Former Mp for Shama (Ghana parliament constituency)
- In office 7 January 2001 – 6 January 2009
- President: John Aygekum Kufuor
- Preceded by: Richard Dornu Nartey
- Succeeded by: Gabriel Kodwo Essilfie

Former Deputy Minister of Education, Youth and Sports
- In office March 2006 – January 2009
- Succeeded by: Samuel Okudzeto Ablakwa

Personal details
- Born: 8 February 1958
- Died: 26 January 2025 (aged 66)
- Party: New Patriotic Party
- Children: 3
- Education: University of Education, Winneba Ghana Institute of Management and Public Administration
- Occupation: Politician and Educationist

= Angelina Baiden-Amissah =

Ghanaian educationist and politician

Angelina Baiden-Amissah (born 8 February 1954) is a Ghanaian politician and a former member of parliament for the Shama constituency in the Western Region of Ghana.

== Early life and education ==

Baiden-Amissah was born in Shama, Ghana in the Western Region (Ghana) and attended Mfantsiman Girls' Senior High School for her high school diploma.

In 1991, she earned a Bachelor of Education Degree with focus on Home Economics & Integrated Science, from the University College of Education. She later obtained a Post Graduate Certificate in "Leaders in Development: Managing Political & Economic Change" from the Harvard University.

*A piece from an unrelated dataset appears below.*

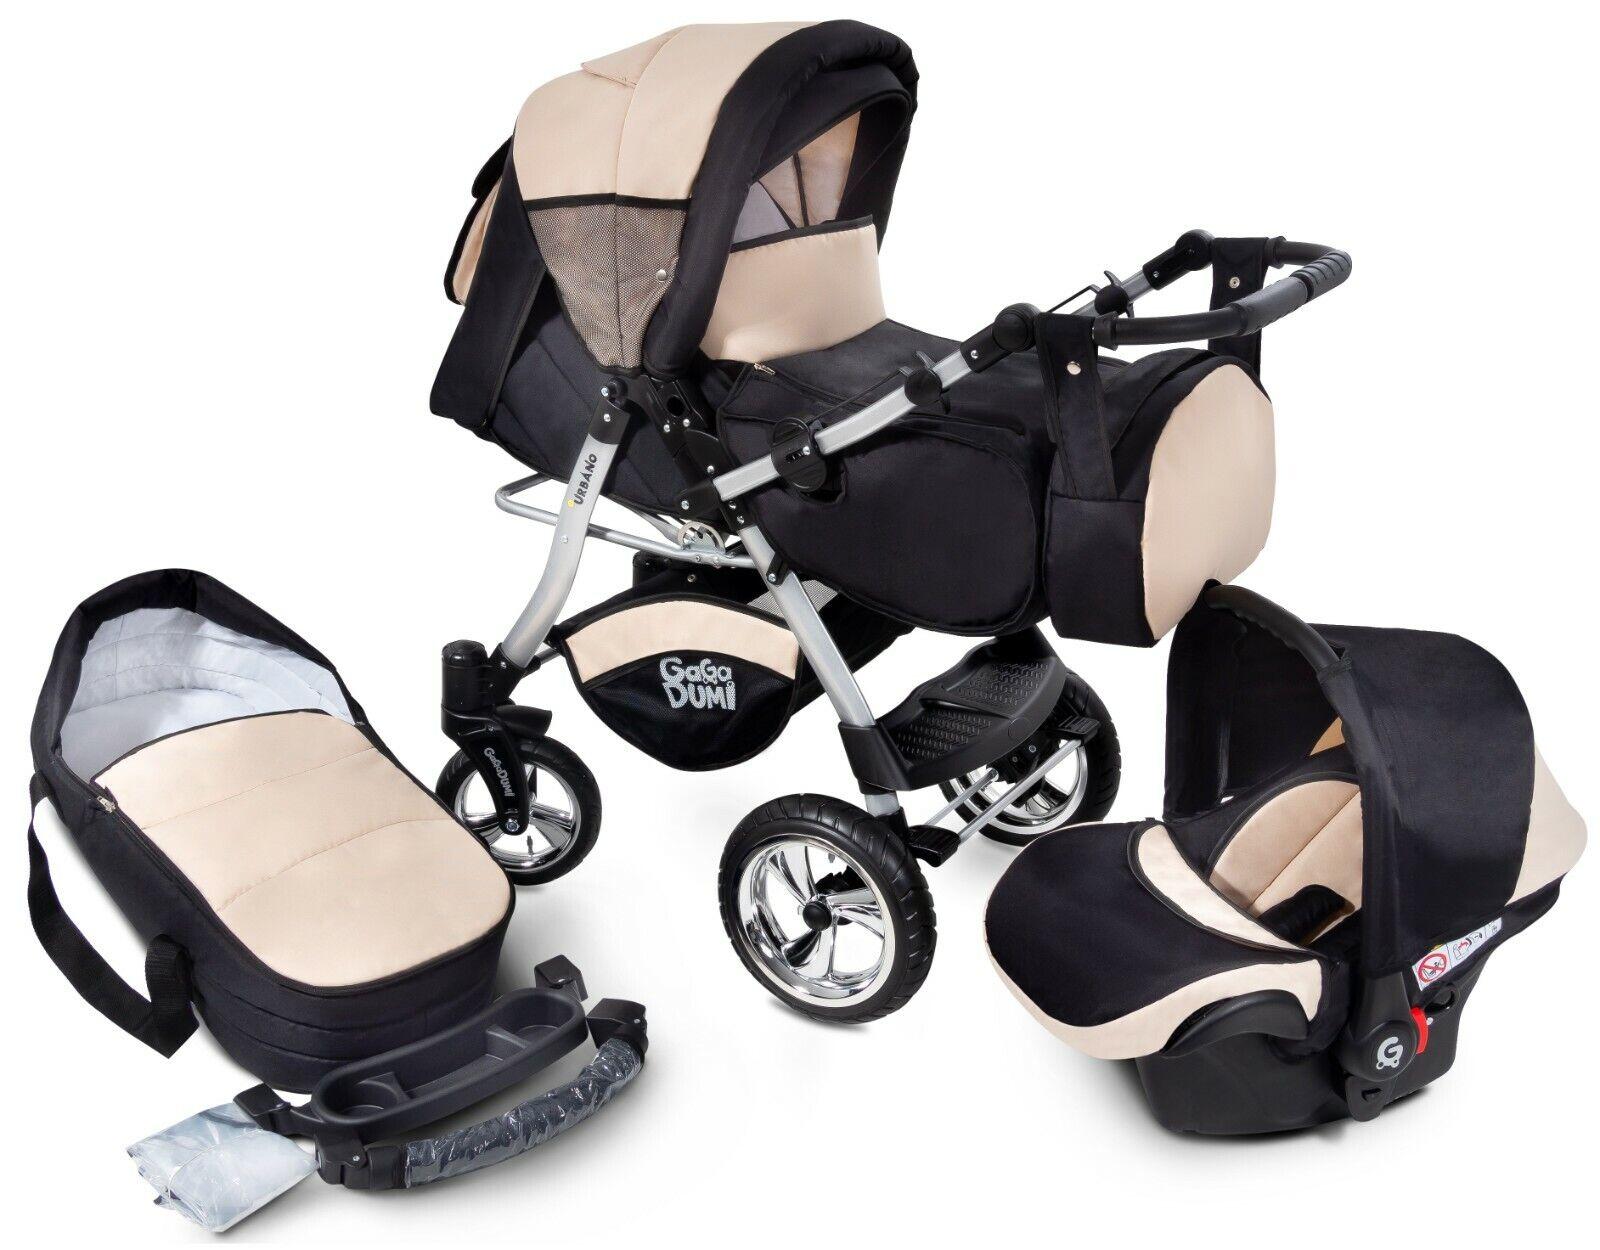 Urbano  Kombikinderwagen Kinderwagen Babyschale 3in1 System Autositz 20% SALE

Baiden-Amissah also obtained an Executive Master in Business Administration (EMBA) from the Ghana Institute of Management and Public Administration and other certifications in Pedagogy and Early Childhood Development.

== Politics ==
Baiden-Amissah was a member of the 4th parliament of the 4th republic as a representative of the Shama constituency. She was also a member of the 3rd parliament of the 4th republic of Ghana.

Her Political Career begun in 2000 when she contested in the 2000 Ghanaian General elections as a parliamentary candidate on the ticket of the New Patriotic Party. She won the seat in the 2000 Ghanaian General elections with a total of 8,284 votes making 31% of the total votes cast. She contested again during the 2004 General elections and retained her seat with a total of 14,782 votes. She contested again in the 2008 elections and lost her seat to Gabriel Kodwo Essilfie of the National Democratic congress.

Between 2001 and 2005, she was appointed as Deputy Minister of Education, Youth and Sports under the John Kufuor's government.

== Ambassadorial role ==
In 2021, Baiden-Amissah was appointed as Ghana's ambassador to Holy See

In 2023, Baiden-Amissah was appointed as Ghana's ambassador to the Republic of Republic of Croatia, with residence in  Vatican City.

== Personal life ==
Baiden-Amissah is a Christian and married with three kids.

== Career ==
Baiden-Amissah was also a board member of the Ghana Cylinder manufacturing Company. She was also an educationist and a Deputy minister of Education, Science and Sports.